Inside there are six fugi confectionaries in three different flavors. The top are chesnut, the middle are green tea, and the bottom are (my personal favorite) citrus, individually wrapped and beautiful. Fugi have the consistency of jello, kind of. Jello is clear and wiggly and dissolve like liquid in your mouth. These are translucent, have a more solid consistency, and putting in your mouth has the texture of.. oh.. I can't describe it well. It's kind of pasty, kind of liquidy, kind of gelatinous. The cirtrus has little flecks of orange peel in it and the smell is deliciously sweet. The green tea is quite good as well, although I think it needs sugar (which is my reaction to most tea. "It needs sugar. I need tea with my sugar."). The chesnut are good too, but lack the meaty consistency makes it really strange to eat. I am expecting it and because t's not what I expect, I find it very disconcerting.
Have you ever eaten something like that, Constant Reader? Something where the texture just feels wrong, although the taste is quite good? About 99% of the time, texture isn't that important to me in food, so the disorienting feeling with the chesnut fugi is really annoying. Why this time and not others?
Tonight I watched Lost in Space. I can see where most people can consider it a pretty bad movie. The cast could have easily been reduced by two characters and it wouldn't have lost anything except an exceedingly annoying rebellious teenage girl (Lacey Chabert playing Penny Robinson) and her mother (who was just kind of there and a motherly foil for John Robinson, who isn't the caring type). William Hurt is an excellent actor but he was pretty emotionless throughout the film (which is what he's supposed to be, but even when he was happy to see his son again, it was still pretty emotionless). I liked Will Robinson (it has to be said. Danger, Will Robinson! Danger! Note: Do you know I've never seen the TV series of Lost in Space? I haven't seen Green Acres or The Beverly Hillbillies or The Grand Olde Opry either. I lead a sheltered ilfe.) and the fact that he was this little Jason Fox-character robotics expert. Cute! Heather Graham as Judy Robinson, the biologist/medical, is cute and I liked the tension she had with Major Don West (Matt LeBlanc, surprisingly funny and good. Then again, I think his participation in Friends is rubbing off me). I definitely liked Gary Oldman. He plays really good bad guys. I haven't heard him in interview and I'm curious as to what his natural accent is like. I've heard him as an American (both northerner and southerner), British, and eastern european. I think he's British. He's deliciously creepy. Mm. I love them Brit men.
The plot is fairly predictable and shallow. Like a Stephen King novel, it's an entertaining watch. It's not deep and has many cheesy lets-all-love-each-other lines, but I'm not disappointed in the $3.50 I spent for the video. I've rented worse. Like the Slayers dubbed japanese anime movie I rented and watched last night. Man, that was terrible. I fell asleep halfway through it. Anything that I fall asleep halfway through it the first time I watch it is a dog (with exception of Monty Python... but that's another story).

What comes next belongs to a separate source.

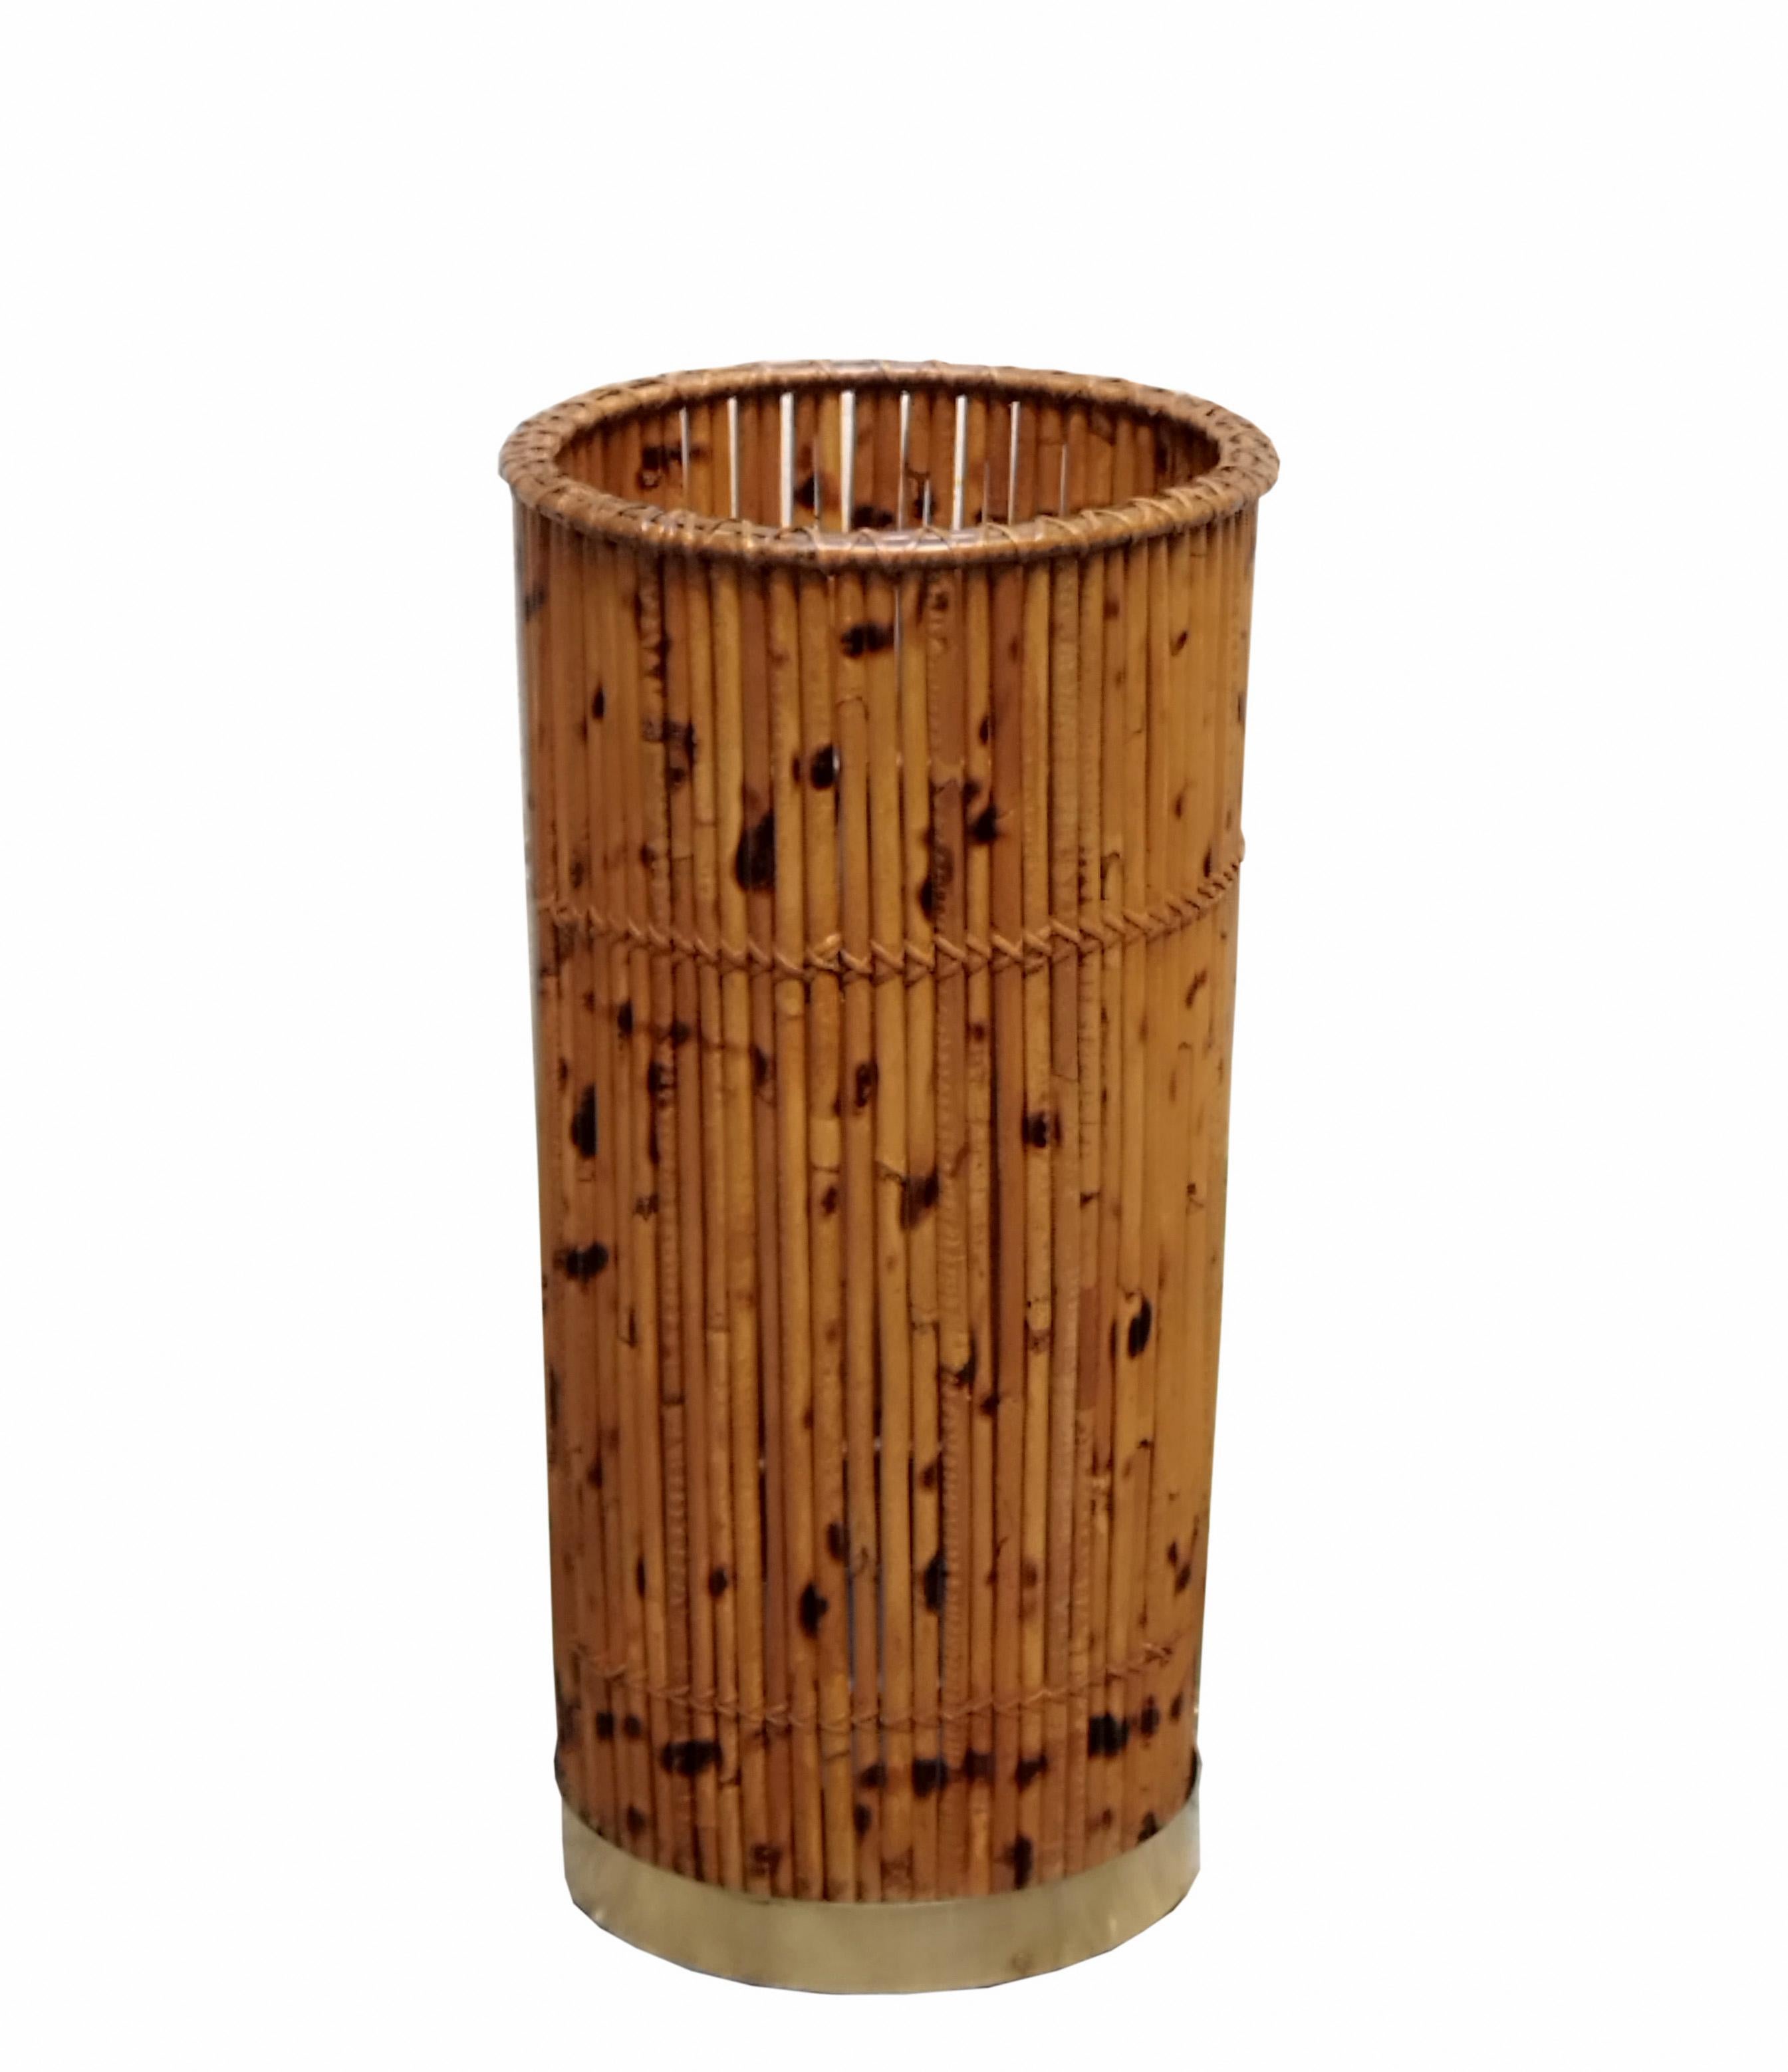 Gorgeous rattan and brass umbrella stand made in Italy in the 1970s. With its round shape and mid-century modern style, it is inspired by the designs of Gabriella Crespi and Vivai del Sud.It is made of natural rattan with brass appliqués on the top

I'm thinking of starting a movie review section for my personal website. Yeap, more things to suck up my time. But first, I really should work on my botany site that has been going through my head. I want something to motivate me to work on my systematic techniques. Identify plants and trees by their leaves, fruits, and maybe even bark. A website will definitely motivate me to relook at all my notes and past books.
Building websites. The ultimate motivator for me. We all need something to kick our butts.